Although there have been reports of twins born one white and one black in the last decade, some of these children still have trouble convincing people that they are related.
Today, Lucy and Maria Aylmer from Gloucester, England made the news when they shared their story of how they have to produce their birth certificates to strangers to prove they are twins.
The Daily Mail reported that these 18-year-old babes, born to a half Jamaican mum and Caucasian dad said that even their mum was shocked when she first saw them.
Said Lucy: "Things like skin colour doesn't show up on scans before birth. So my mum had no idea that we were so different. When the midwife handed both of us to her, she was just speechless.
"Most twins look like two peas in a pod – but we couldn’t look more different if we tried.

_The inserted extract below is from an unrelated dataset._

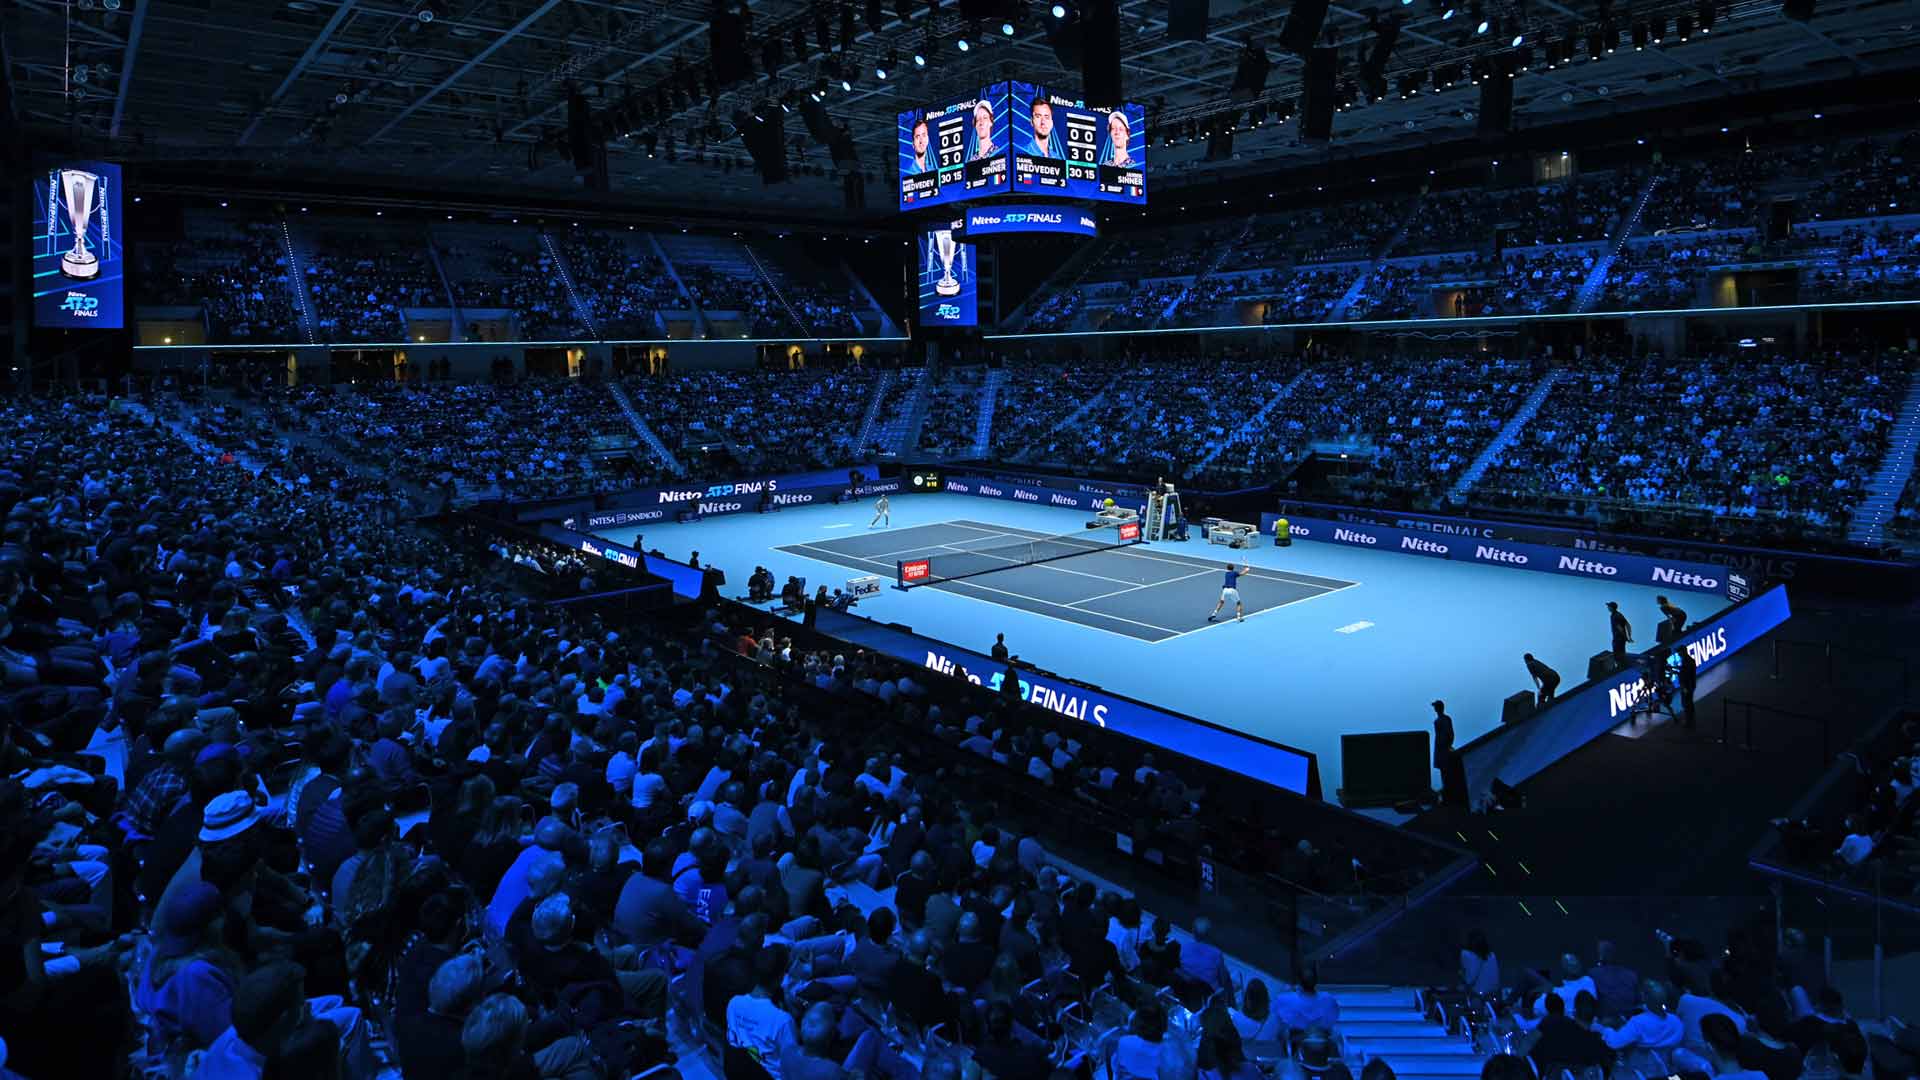 The Nitto ATP Finals is held at the Pala Alpitour in Turin.

We don’t look like we have the same parents, let alone having been born at the same time.
"Maria was outgoing whilst I was the shy one. But Maria loves telling people at college that she has a white twin – and I’m very proud of having a black twin."
The twins have three older siblings, two brothers and a sister whose skin colour is in between theirs.

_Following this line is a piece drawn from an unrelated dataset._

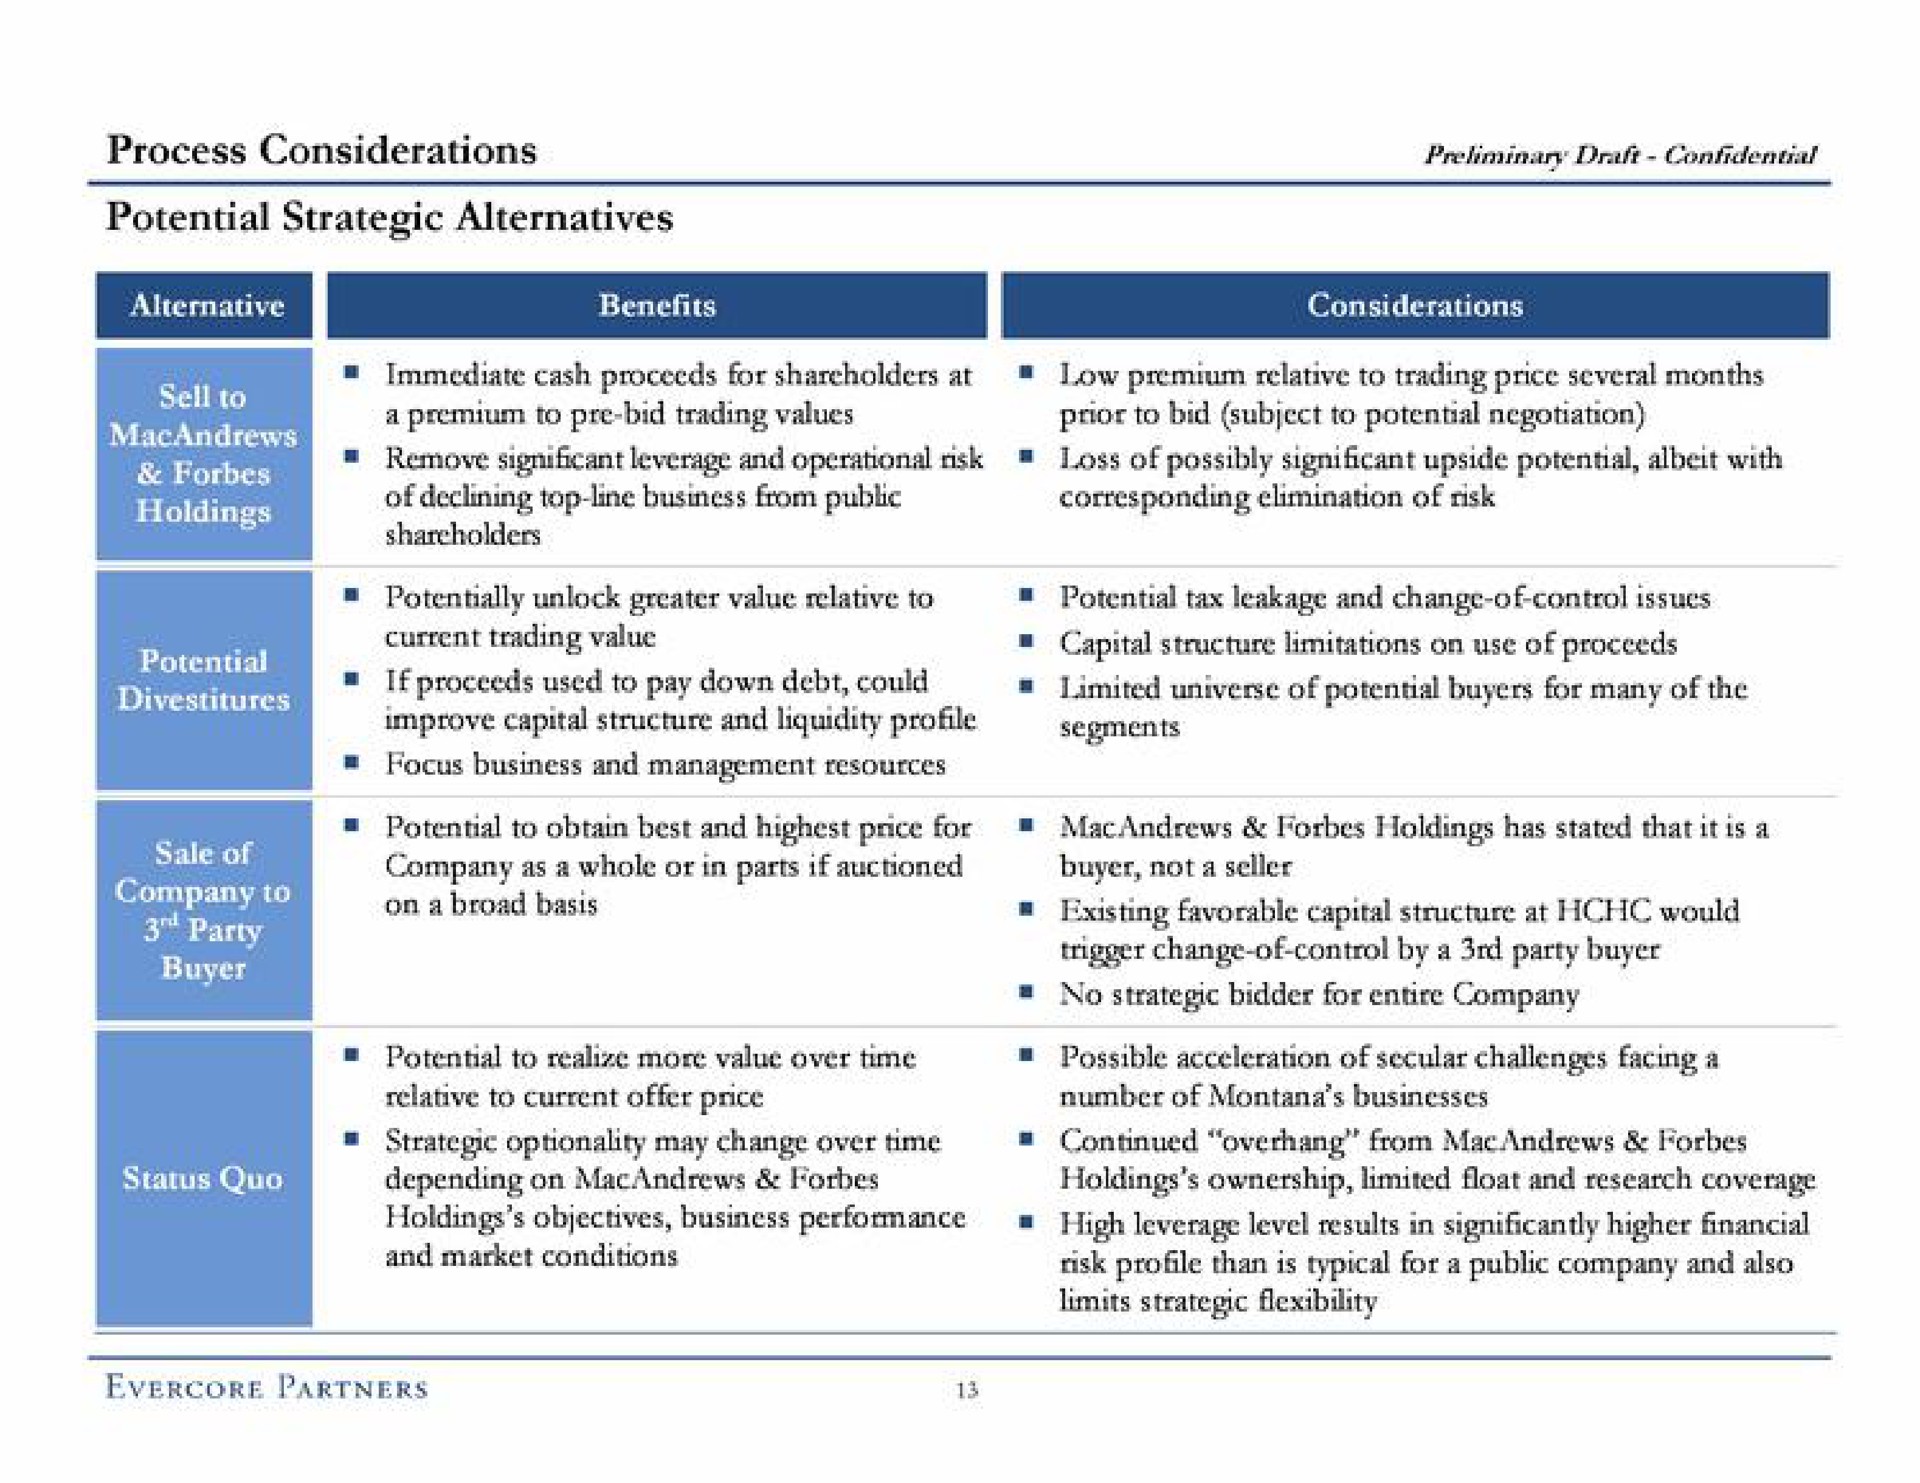 process considerations potential strategic alternatives cats immediate cash proceeds for shareholders at a premium to bid trading values remove significant leverage and operational ask of declining top line business from potentially unlock greater value relative to if proceeds used to pay down debt could improve capital structure and profile potential to obtain best and highest price for on a broad basis relative to current offer strategic optionality may change over time low premium relative to trading price several months loss of possibly significant upside potential albeit with corresponding of potential tax leakage and change of control issues capital limitations on use of proceeds limited universe of potential buyers for many of the segments holdings has stated that a existing favorable capital structure at would number of montana businesses continued overhang from mac | Evercore

Apart from their difference in skin colour, their hair and eye colours are also different - Lucy has straight ginger-coloured hair while Maria has darker hair with curls; Lucy has blue eyes and Maria's are brown.
Skin colour is believed to be determined by up to seven different genes working together.
If a parent is of mixed race, their eggs or sperm will contain a mixture of genetic codes for both black and white skin.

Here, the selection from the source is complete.